Of course, this extra money won’t be going somewhere useless. Sometimes the best thing to do is put it in a smart investment, use it for more effective marketing, or improve your business plan to bring in more clients. Either way, this can help you make more in the long run and set your company up for more success.

Keep an eye on your spending

Trying to track your spending manually can be stressful and take up a large portion of your time. However, a cash flow forecast can help with this by looking at your outgoings. 

You know how much you have to spend each month, such as bills and office rent, so you can put this under guaranteed total outgoings. However, if your overall outgoings on your forecast come out higher than this figure, you can have a look at what areas of your business you’re spending too much in. 

From there, you can make the adjustments for the next month. This can be harder when you do it manually, as a cash flow forecast gives you a much clearer view of the different things you spend your money on.

Predicts future outcomes

A cash flow forecast is a perfect tool for helping you figure out what will happen when you make a certain financial decision. You can use them for scenario planning. For example, if you don’t pay a bill in time, how will this affect your business’s future? One scenario is that you will be reported to credit agencies, which will affect your chances of getting a loan in the future. 
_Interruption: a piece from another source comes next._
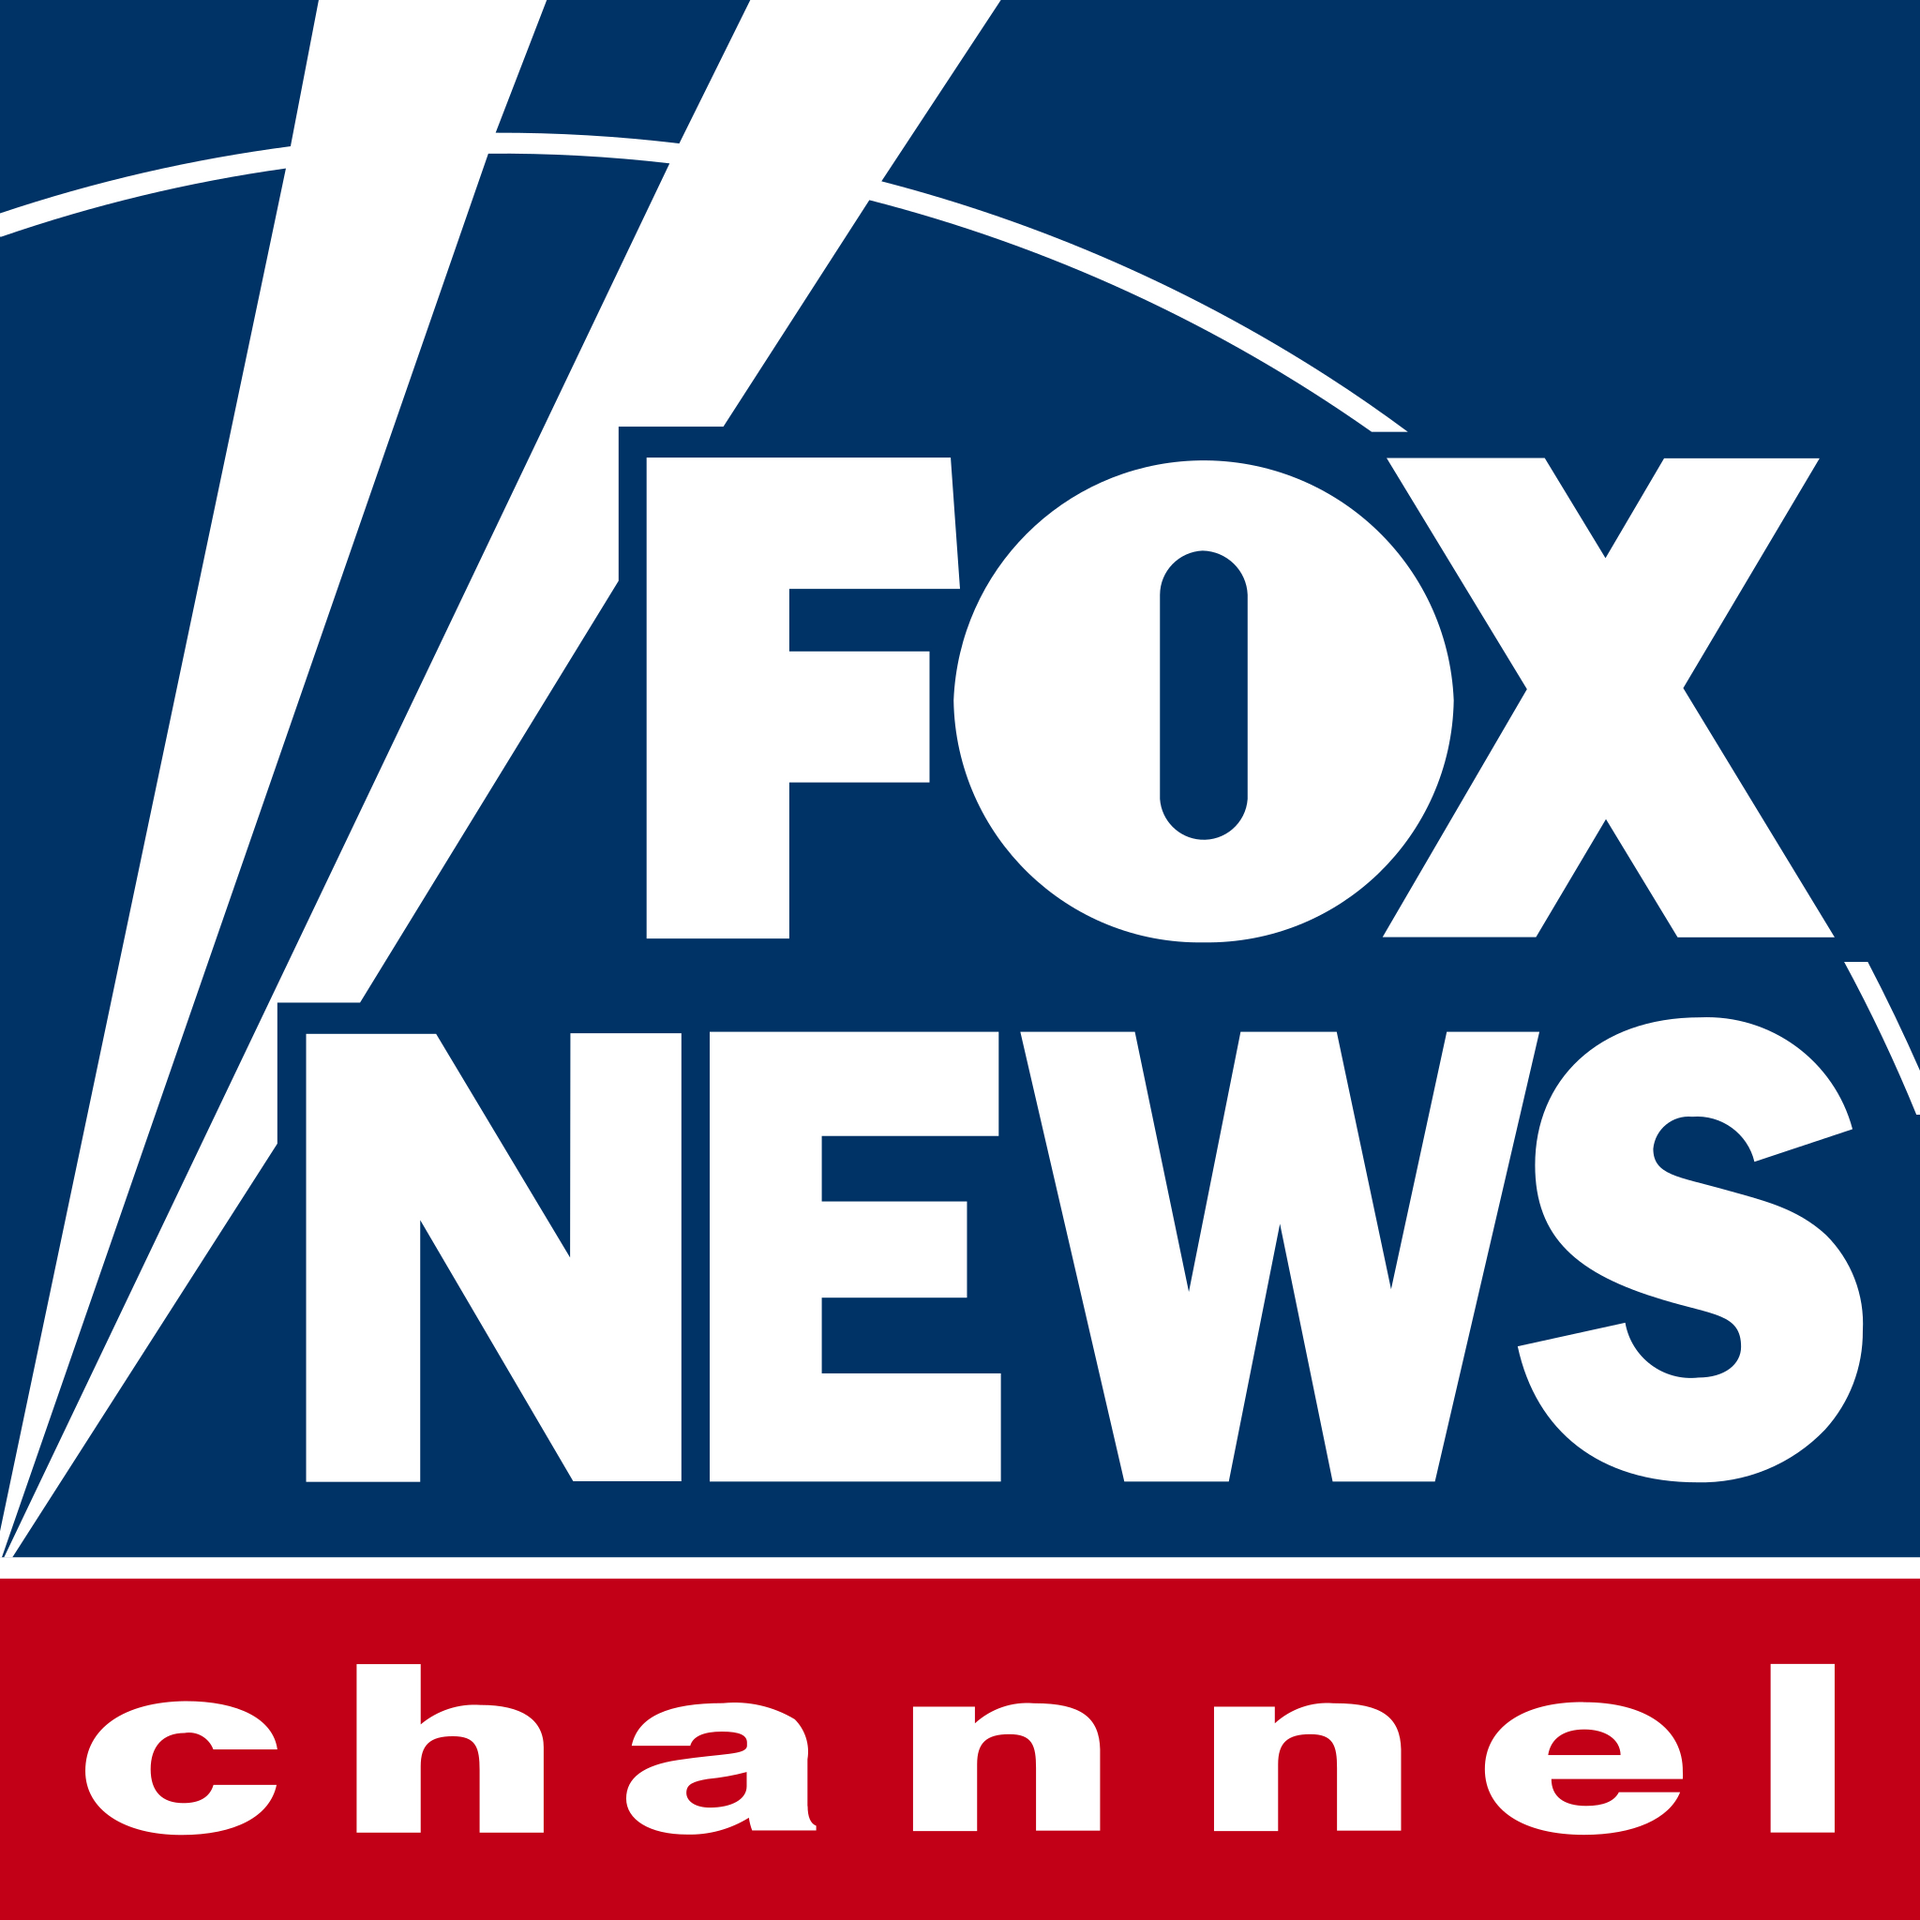 Fox news channel logo on a blue background

Once you know whether the most likely scenario is positive or negative, you can make a choice about whether you want to go forward with it. There are some forms of software you can use to help with this, but a cash flow forecast is probably your best option.

Final thoughts 

Cash flow forecasting is a fantastic planning tool you can use to help enhance how your business manages its finances. It sets you up for success and can show you how to avoid any detrimental decisions in the future. All businesses should put together one of these forecasts at least once a year because they’ll no doubt see great growth.